What society puts on you vs reality

One of the things I really struggle with both in pregnancy, and since giving birth, is the image society and mainly the media give you about how it’s meant to be. For example, in pregnancy many mums expect all their nausea/ sickness to disappear overnight at 13 weeks, and to suddenly start “glowing”. Pregnancy is built up in the media to be this most amazing period in your life, full of amazing hair, skin and nails, looking amazing and feeling fantastic while growing this new life inside you.

I can honestly say in all 3 of my pregnancies I have never felt “glowing”. I’ve felt exhausted, fat, nauseous to the point of wishing I was being sick, gestational diabetes requiring insulin. I’ve had a pelvis struggling to stay together, a baby spending the pregnancy sat on my sciatic nerve, a baby that kept having kidneys that were too full at each scan, so they kept having to check. Each of the 3 has been stressful for different reasons (and yes maybe I was mad choosing to go through it again?!) Each time was 9 months of struggle.

It’s meant to be a time when you start to bond with you baby. With my last 2 pregnancies I had reduced movements., which actually makes this bonding difficult. In fact with my last pregnancy, I barely felt any movement from 28 weeks, so bonding was really hard. The only thing that helped, were the regular scans that I had for the diabetes. At no point was it a period where I felt I met societies pictures of a glowing and radiant mother to be.

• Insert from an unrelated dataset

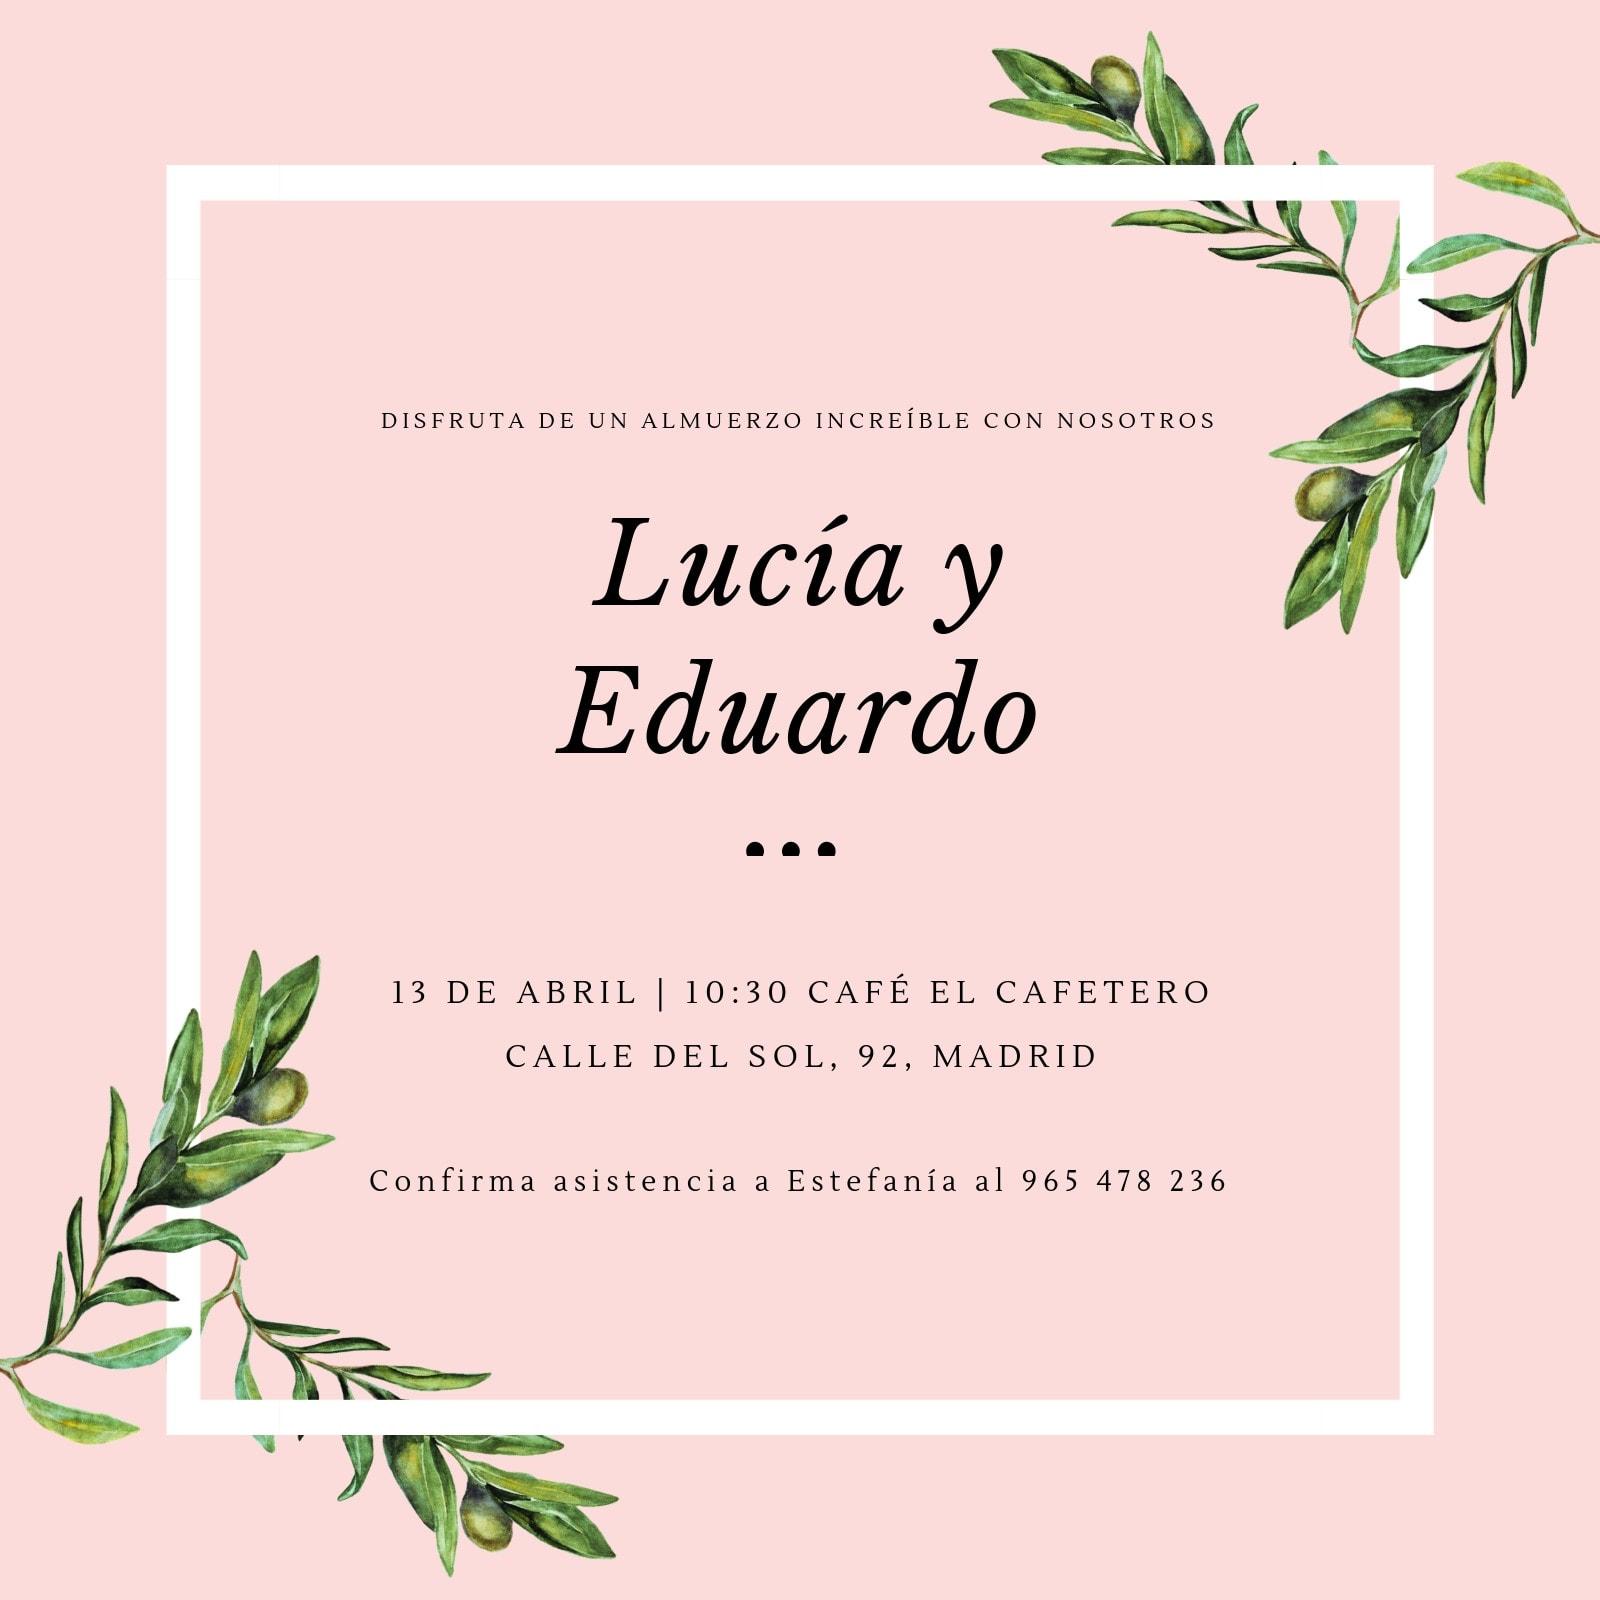 Invitación Boda Almuerzo Rosa Verde Oliva

Maybe I am a lucky one, in that the actual births have all been quick. Although this again has it’s own issues. I manage to avoid the perceived 24+ hours of crazy pain, screaming for an epidural, etc etc. I will admit there are certain points when my language would be more explicit than normal, and times near the end when I thought I couldn’t cope with any more pain. But I can’t complain.

But then comes the period of becoming a mummy to a newborn. The fourth trimester. The other period where the media makes out you should be glowing with the joys of your newborn, enjoy showing them off to the world, let the world smother them with love too. Well I’ve never experienced this either. I am currently nearing the end of the fourth trimester for the third, and final, time. I can say that the last 11 weeks have been a challenge. There are days when I struggle to get up and get dressed and function. Days when I have just kept myself hidden away from the world. I still struggle to let others hold my precious, beautiful daughter. I am tired. My husband is tired. Broken night after broken night takes its toll. Night after night with a baby lying on one or other of you for the whole night is exhausting. Yes, it’s what you sign up for in one sense, but it’s not the reality.

I wouldn’t be without any of my children, but I wish the media and society would change their expectations on mums to be and new mums. It doesn’t matter if you are a first or a fifth time mum. It still comes with challenges and sturggles as well as the joys and smiles that make every day worth while.

One thought on “What society puts on you vs reality”

  1. So true Rachel. I remember giving birth the first time and expecting that “overwhelming rush of emotion and love when you first see you newborn” that everyone seems to talk about. It didn’t hapen. I felt absolute relief that the labour was over but as for the baby on my chest… he was skinny and bony and felt strange and I almost felt like it wasn’t real, but not in a good way. I felt guilty and disappointed about that and I can’t say it got any better quickly — repeated bouts of mastitis and what felt like constant crying (from both baby and me) ensured it took a long time to feel rushes of love. The expectation that things will be wonderful makes it so much harder when it’s not.